The actor smiled as he scooped a generous spoonful over guacamole to form a taco. “Mexican caviar,” he said. “Very buttery.”

Dangling around his neck was an escapulario (a gold religious medallion) that belonged to a grandfather he never met, Otto Boneta, who was a songwriter and a psychiatrist. (Pope Francis blessed the medallion, Boneta said, when he performed alongside others during a papal visit to Mexico City in 2016.)

The music gene, it seems, skipped generations. Boneta’s parents, Lauro González and Astrid Boneta, are engineers. (His younger siblings, Natalia and Santiago, are studying at Duke University.)

“I’m the black sheep,” he said.

Boneta left school in fifth grade, and he starred in a string of youth-oriented telenovelas, including “Alegrijes y Rebujos” and “Rebelde,” a “Glee"-style drama about a group of anthem-belting private-school students. During his tenure on that show, Boneta also cut his first album, “Diego,” which included the hit single “Responde.”

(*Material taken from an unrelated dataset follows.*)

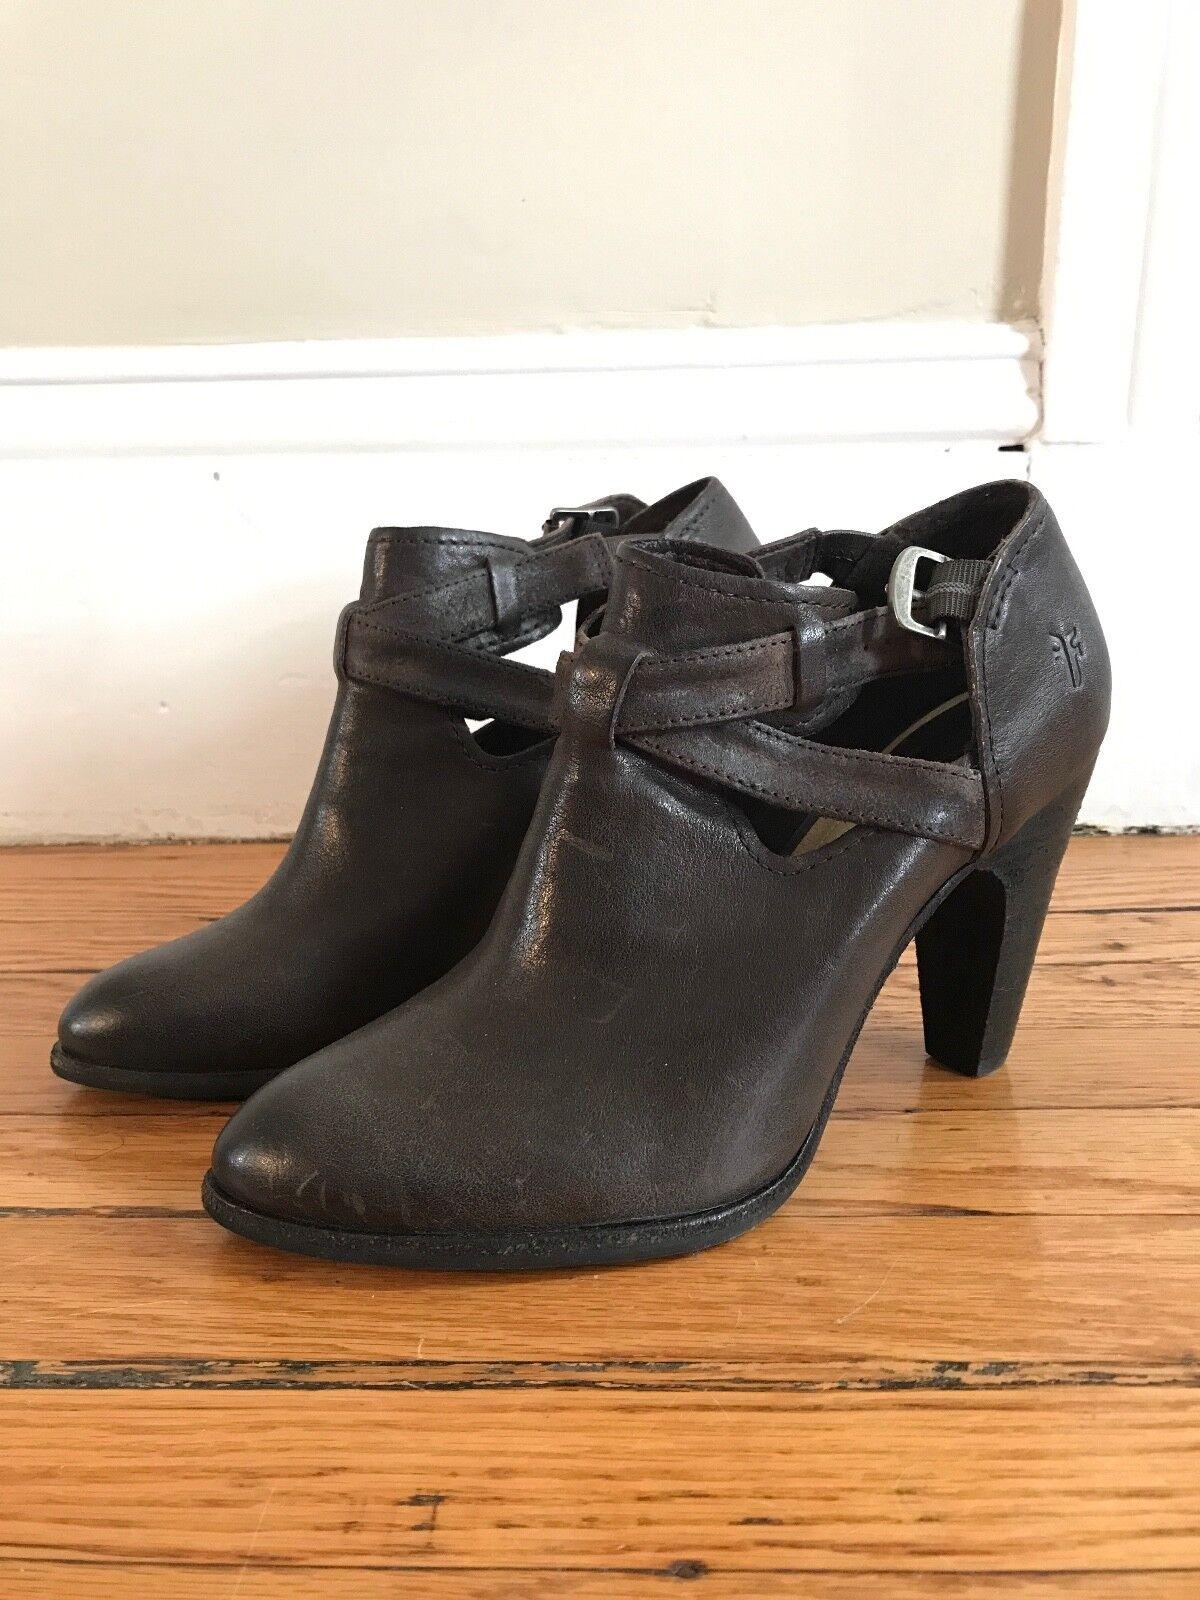 bellissima NWOT Frye Margaret Shootie Marrone Leather Dimensione 10 10 10  Garanzia di vestibilità al 100%

“There are no child labor laws here,” he said. “I was working Monday through Sunday, probably 17 to 18 hours a day sometimes. Christmas was a half-day off.”

Hollywood Bound

When Boneta was 16, the family moved to Los Angeles, in part to be closer to Hollywood. While he found no shortage of work, he learned that there was not much of a pipeline for Mexican actors. As the #OscarsSoWhite movement showed, many obstacles remain. While Latinos make up 18 percent of the population of the United States, Latino actors account for only about 3 percent of the speaking roles in American films, according to a 2017 study released by the Media, Diversity & Social Change Initiative at USC Annenberg.

On the positive side, three Mexican directors have won four out of five of the most recent Academy Awards for Best Picture: Alfonso Cuarón in 2013, Guillermo del Toro this year and Alejandro G. Iñárritu two years in a row. “The Mexican directors are killing it right now,” he said. “Mexican actors should be, too.”

It is an open question whether “Luis Miguel” will enhance Boneta’s Hollywood clout to the point that he brings along other Latino hopefuls in his wake.

Although the show is in Spanish, that is hardly a deal killer in the streaming landscape of 2018, where foreign shows like “Narcos” (bilingual, with subtitles) and “Dark” (German, available with dubbed English or subtitles) have become binge-watch favorites for Americans on Netflix — a point likely not lost on the very Hollywood producer of “Luis Miguel,” Mark Burnett (“The Voice,” “Survivor”). Miguel himself has global appeal in Spain, Italy and even China, Boneta said, in addition to the sizable market in the United States. And the story is familiar turf to fans of no-holds-barred music biopics like “Walk the Line” and “Ray.”

“On the one side, you’ve got the ‘Wolf of Wall Street’ party scenes,” Boneta said. “The fame, sex and the excess, the drugs, mixed with a really dark family drama.”

If nothing else, the meaty role promises to vault Boneta far beyond the teen-idol trap.

Looking ahead in his own career, Boneta said, he looks to Tom Cruise, who remains a mentor, as an inspiration.

“One of the best pieces of advice he gave me is, ‘Set your goal and work backward,'” Boneta said. “If you want to be a big action star, you have to learn how to ride motorcycles, fly planes and learn to do your own stunts.”

Come to think of it, “Diego Boneta, action star” has a nice ring to it. “A short-term goal that I have, and I know this may sound cheesy, is being the first Latin Marvel superhero, whose character isn’t necessarily Latin,” he said.

“Black Panther,” after all, already proved that a nonwhite superhero movie can attain blockbuster status. “How about ‘Pantera Negra’?” he said with a smile.